Again, PHH attempts to steer the vehicle in contempt of the clear road signage which directs all traffic to Bankruptcy Courts – and that includes transferring related matters like Plaintiff’s case.
9. Burke had an active bankruptcy case pending at the time of removal of this case, and the Court determined it has “related to jurisdiction” over this case as district courts have original and exclusive jurisdiction of all cases under Title 11. See 28 U.S.C. §1334. [Doc.18].
RESPONSE: The opinion by Senior District Judge Ewing Werlein, Jr., is erroneous. Refer to Plaintiff’s motion and exhibits in conjunction with this reply.
Burke’s grounds lack merit and are moot.
RESPONSE: False, refer to Plaintiff’s motion and exhibits in conjunction with this reply re ‘grounds’ and see Plaintiff’s own case citations in their response, which clearly state,
“The existence of subject matter jurisdiction is determined at the time of removal.”
– Bissonnet, 320 F.3d 520, 525.
10. Burke’s argument in the alternative, that the Court should have transferred the matter to bankruptcy court and is now without jurisdiction, is wrong.
RESPONSE: False, refer to Plaintiff’s motion and exhibits in conjunction with this reply.
11. Burke’s lawsuit asserts “non-core” claims.
RESPONSE: See; Neely v. Trippon (In re Neely), BANKRUPTCY No. 04-44898-H5-7, at *14-15 (S.D. Tex. June 19, 2013)
(Fifth Circuit: Analysis of core versus non-core is the not necessary to assert “related to” jurisdiction. The Bankruptcy Court can analyze those facts).
12. Nothing would be gained by having a bankruptcy court preside over this lawsuit as all of Burke’s prior litigation has been conducted in the federal district court.
RESPONSE: Irrelevant conclusory assumption which is not a legal argument founded in law.

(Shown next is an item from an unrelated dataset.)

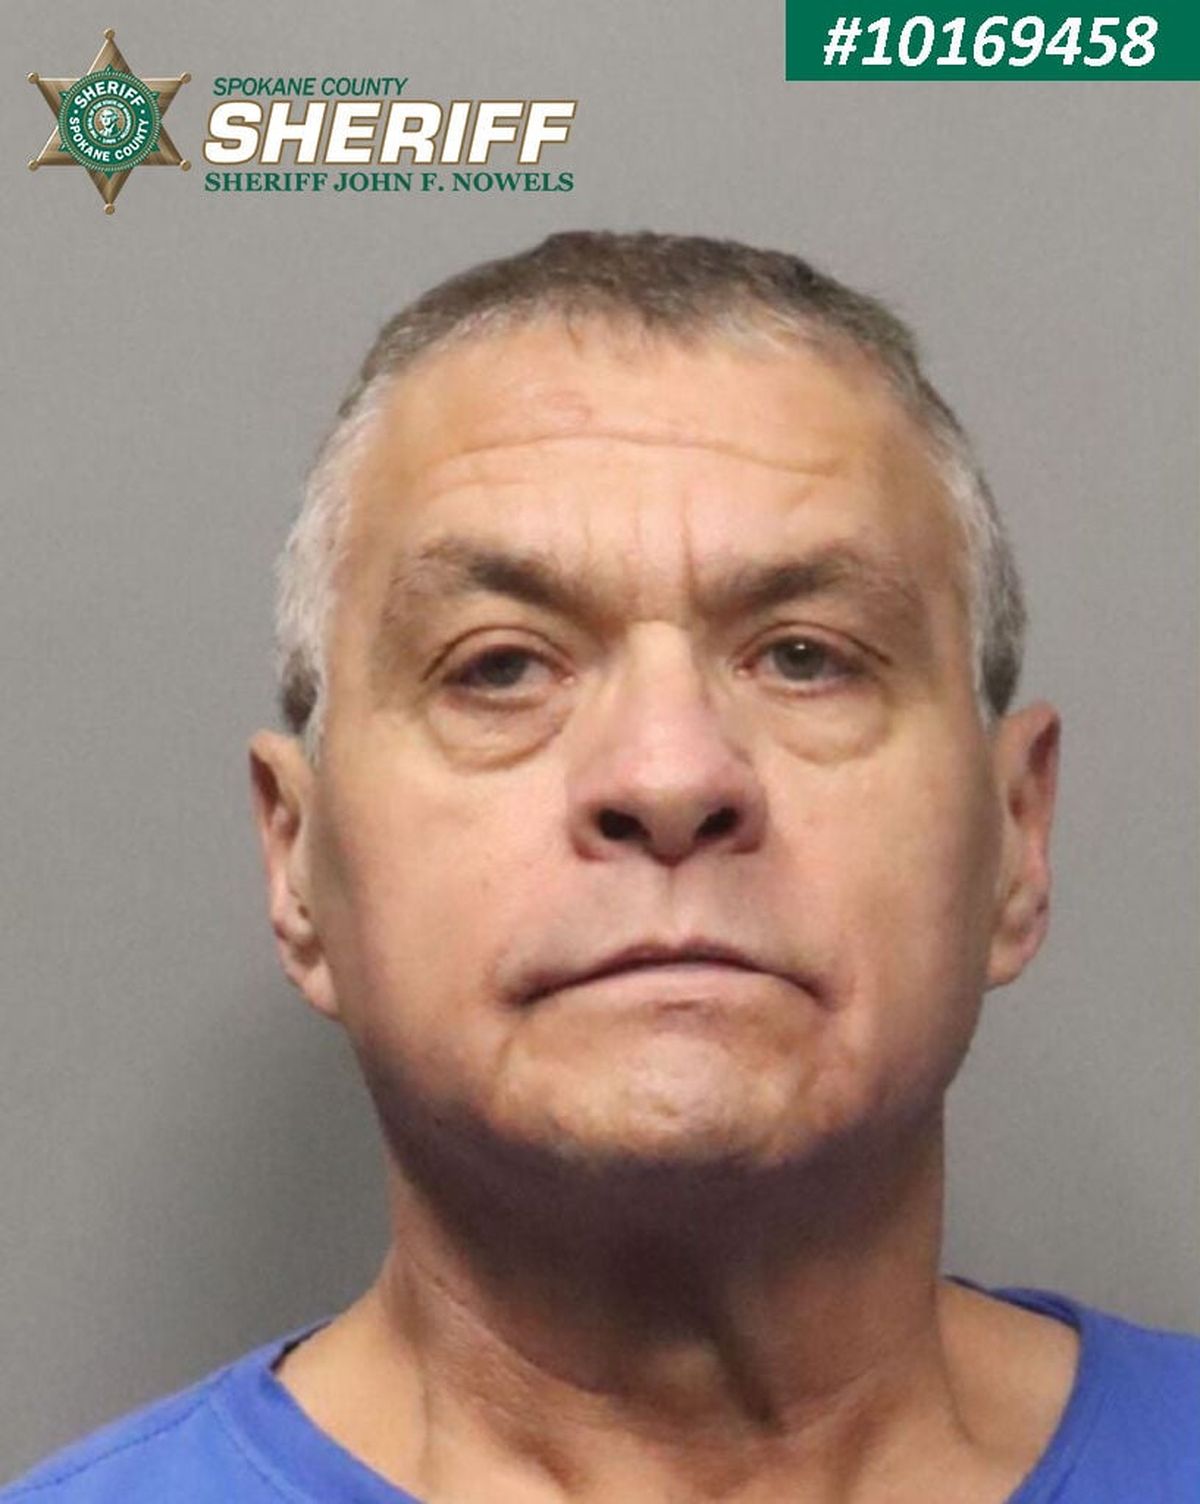 Spokane Valley Police asked the public for more information on 61-year-old Patrick "Joseph" Cabeza after they arrested him on suspicion of child molestation.  (Courtesy of the Spokane County Sheriff

13. As Burke demanded a jury trial, this would have required returning to the district court. Given Burke’s history of litigation, judicial resources strongly favored keeping the matter in the district court.
RESPONSE: This argument has been rejected in Supreme Court decisions like Langenkamp v. Culp, 498 U.S. 42, 111 S.Ct. 330, 112 L.Ed.2d 343 (1990) (per curiam).
Furthermore, in Katchen v. Landy, 382 U.S. 323, 336–37, 86 S.Ct. 467, 15 L.Ed.2d 391 (1966):
“[E]stablish[ed] uniform laws on the subject of bankruptcy, [which] convert [ ] the creditor’s legal claim into an equitable claim to a pro rata share of the res…. As bankruptcy courts have summary jurisdiction to adjudicate controversies relating to property over which they have actual or constructive possession, and as the proceedings of bankruptcy courts are inherently proceedings in equity, there is no Seventh Amendment right to a jury trial for determination of objections to claims[.]”.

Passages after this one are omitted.